Ready to take your regulatory expertise to the next level? Kelly FSP is partnering with a leading global pharmaceutical organization recognized for its strong legacy in innovation, scientific excellence, and commitment to improving patient outcomes worldwide. With operations across multiple therapeutic areas and a robust pipeline spanning pharmaceuticals and medical devices, this organization plays a critical role in advancing healthcare solutions across emerging and established markets.

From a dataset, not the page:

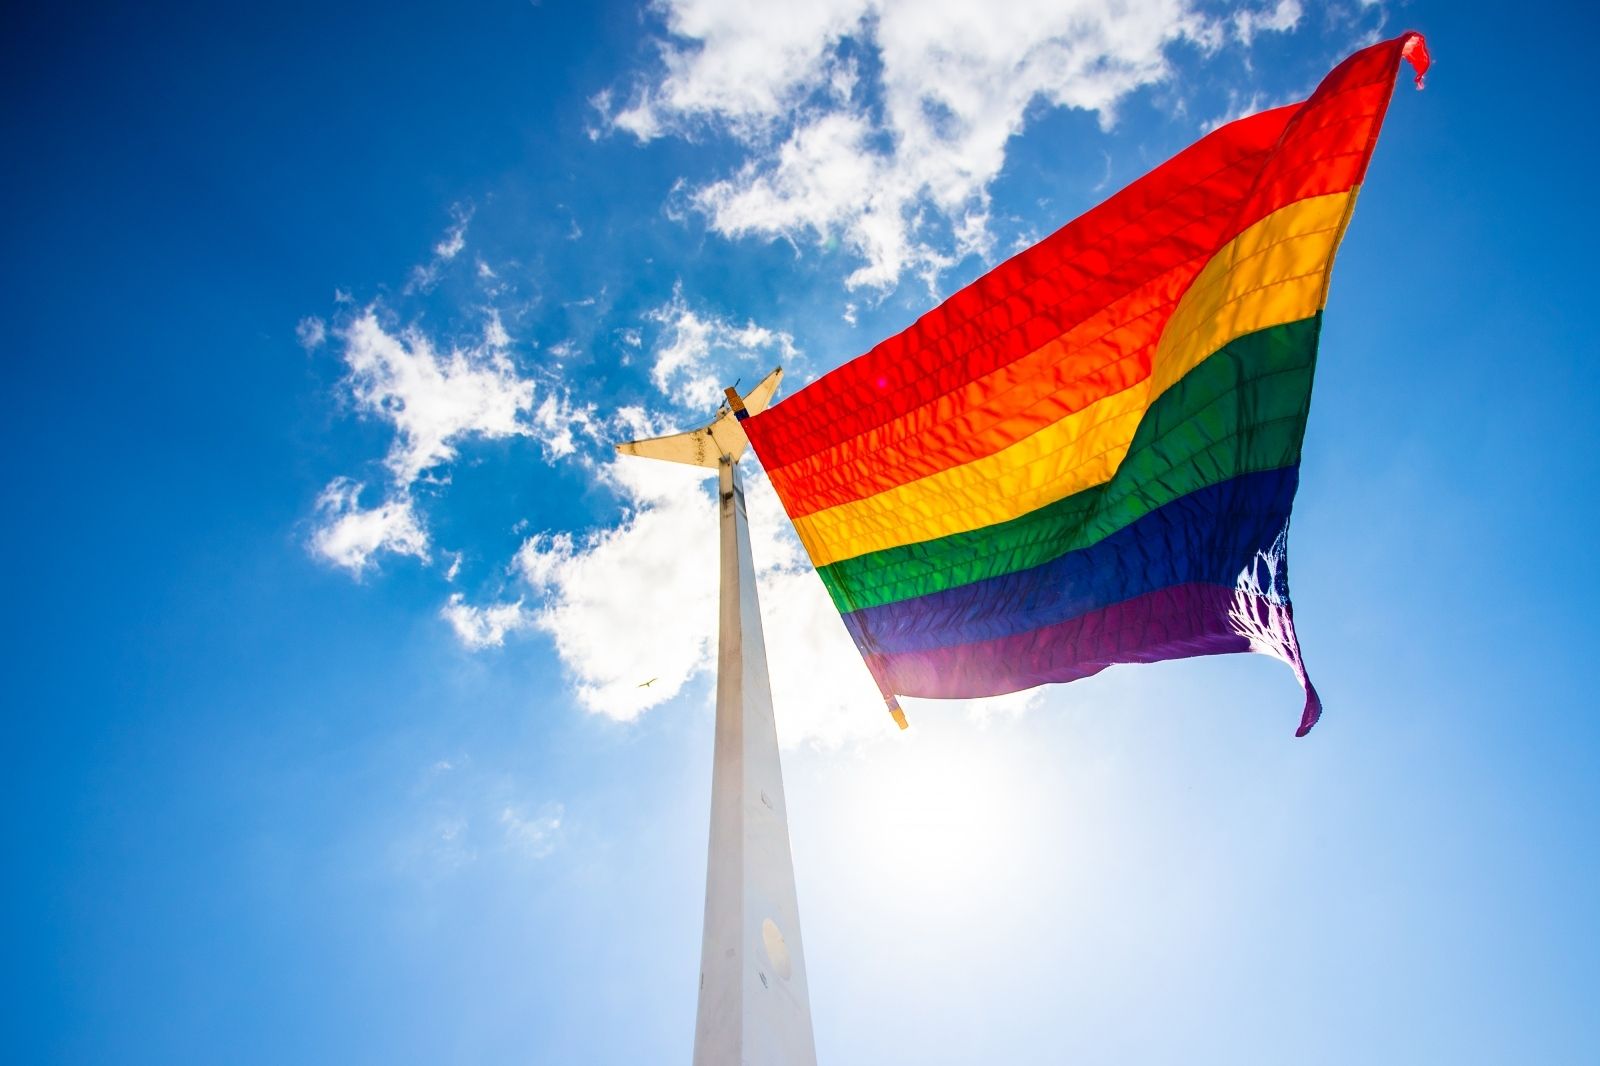 14.06.2021., Split - Pripadnici LGBT zajednice u Splitu jutros su na Matejuski podigli zastavu duginih boja.
Photo: Milan Sabic/PIXSELL

As a Regulatory Affairs Specialist, you will support regulatory activities across the EMEA region, with a strong focus on collaboration with the Saudi Arabia office. This role is ideal for a regulatory professional who enjoys working cross-functionally, strengthening internal partnerships, and supporting compliance activities without direct health authority interaction or hands-on dossier preparation.

Role Overview

The Regulatory Affairs Specialist will provide regulatory support to assigned products and projects, both new and existing, ensuring alignment with global and regional regulatory requirements. The role involves coordination, documentation oversight, regulatory intelligence support, and internal stakeholder engagement, while acting as a key regulatory contact for local business partners.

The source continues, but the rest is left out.